Ethel Smyth was a strong-willed woman born in England in 1858. Against the wishes of her family, she moved to Leipzig when she was nineteen to study music.

A friend went on a trip to Vienna and came back with a dog that was half St. Bernard, “and the rest, what you please.” Smyth ended up adopting the dog herself and naming him Marco.

She later remembered, “For twelve years, that dog was the joy of my life.”

One time when Smyth was at a rehearsal, turning pages for Johannes Brahms, Marco was left out on the street. Somehow, he found his way indoors and bounded into the rehearsal, knocking over the music stands. Brahms burst out into laughter, delighted at the interruption.

Tchaikovsky once wrote in a letter to Smyth, “P.S. – I hope that your dear dog is faring well!!”

Ethel Smyth with her dog Pan

Ethel Smyth with her dog Pan

Later in life, Smyth kept a succession of Old English Sheepdogs, all named Pan.

Toward the end of her life, she wrote a book called Inordinate (?) Affection: A Story for Dog Lovers.

Claude Debussy (1862-1918)

Pip, Boy, Xanto

Claude Debussy with his dogs Boy and Xanto

Claude Debussy with his dogs Boy and Xanto

Debussy had two terriers named Pip and Boy, as well as a collie named Xanto.

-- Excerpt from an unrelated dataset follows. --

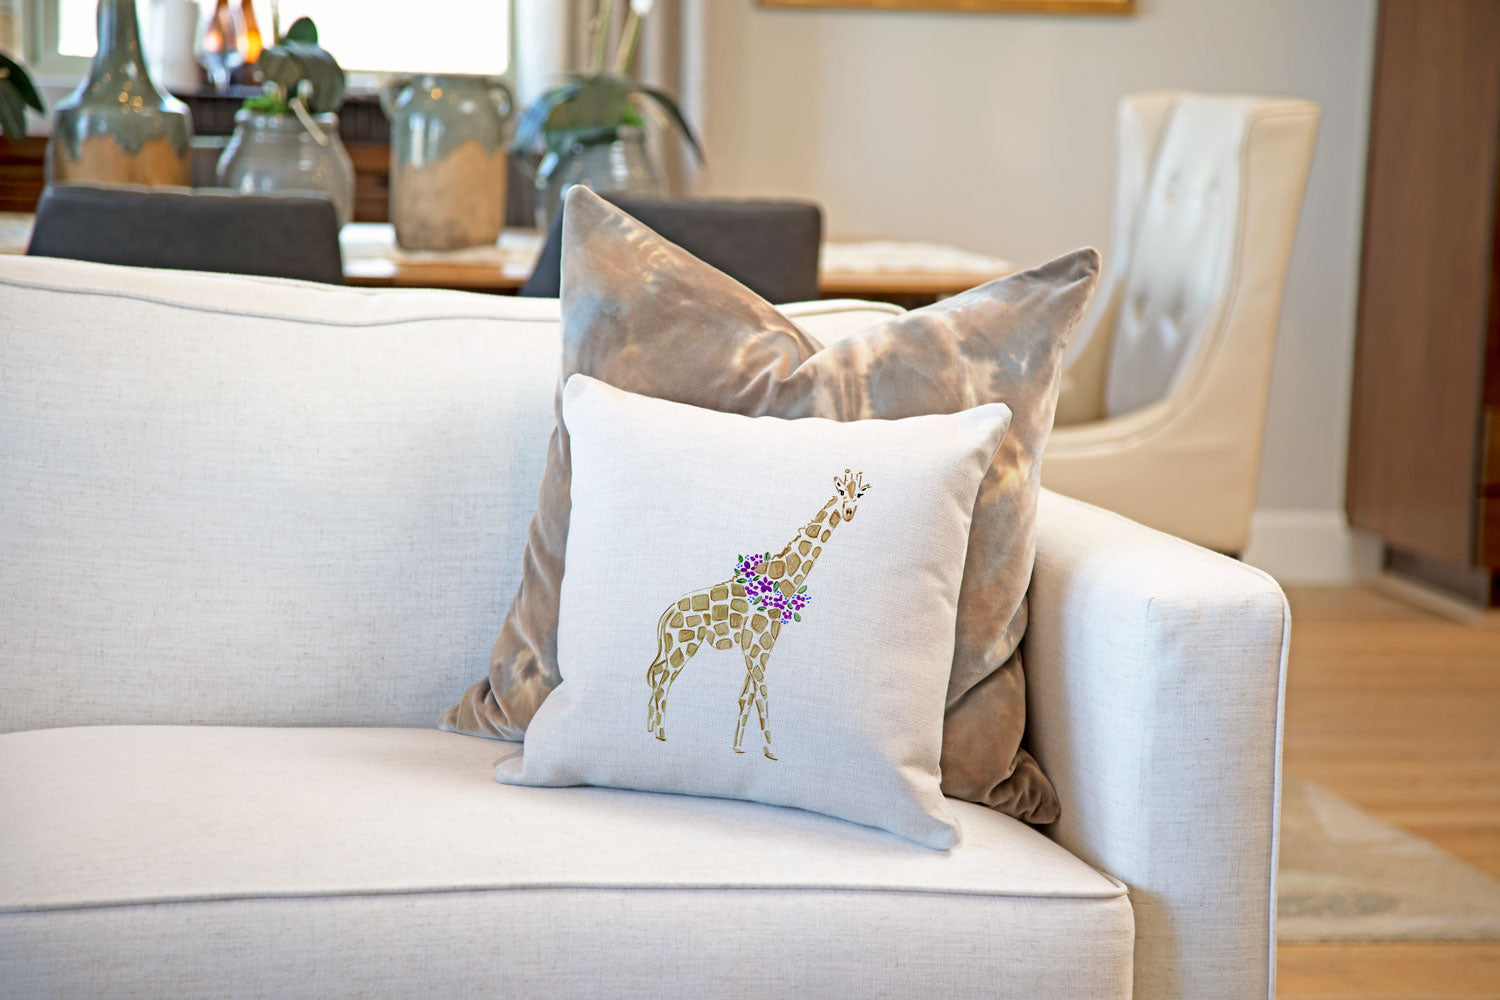 Gina Giraffe Throw Pillow Cover - Animal Illustrations Throw Pillow Cover Collection-Di Lewis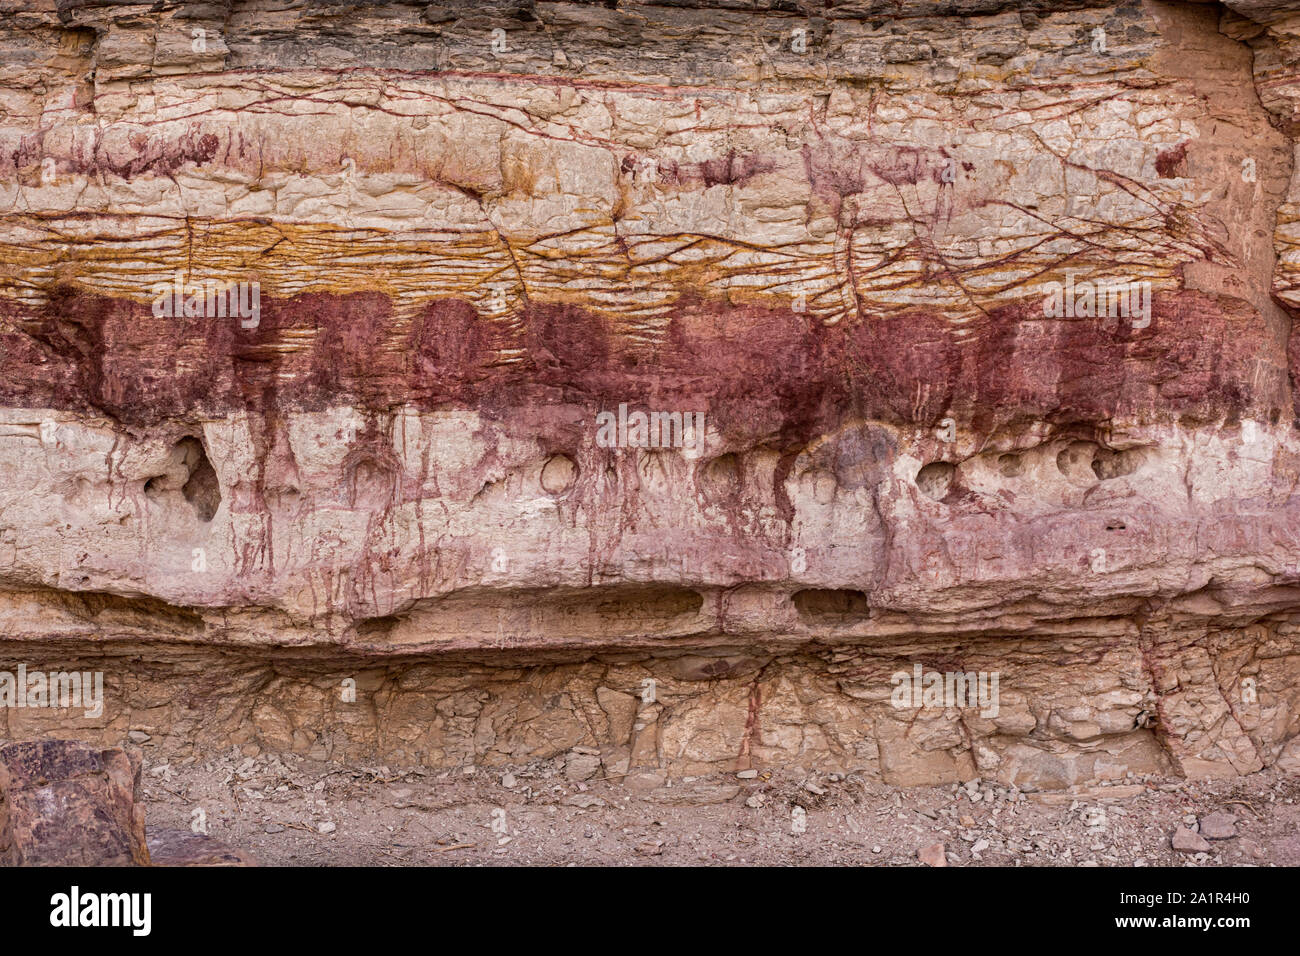 a cliff in the makhtesh ramon in israel showing different layers of rocks and soil including a red layer that bleeds into the layer below Stock Photo

Ferruccio Busoni (1866-1924)

Lesko, Giotto

Ferruccio Busoni with his dog Lesko

Ferruccio Busoni with his dog Lesko

When he was in his early twenties, traveling through Europe working as a touring pianist, Ferruccio Busoni adopted a Newfoundland dog for companionship. He named him Lesko.

He settled in Helsinki in 1888 and befriended various artistic types living there, including Jean Sibelius. Their circle became known as the Leskovites because Lesko was always present at their meetings.

In 1890, Busoni wrote his Geharnischte Suite, op. 34a. Each movement portrays one of the Leskovites.

Busoni’s Geharnischte Suite, op. 34a

Years after Lesko died, Busoni adopted a St. Bernard named Giotto.

Ferruccio Busoni with his dog Giotto

Ferruccio Busoni with his dog Giotto

Elias Canetti wrote in his memoirs about the absent-minded Busoni:

Busoni had a St. Bernard dog, which he often called to: ‘Dschoddo, come to Papa!’ Sometimes the St. Bernard came, sometimes it ran further away; that was what Papa was looking for. But no sooner had he found it than he forgot it again and was as absent-minded as before.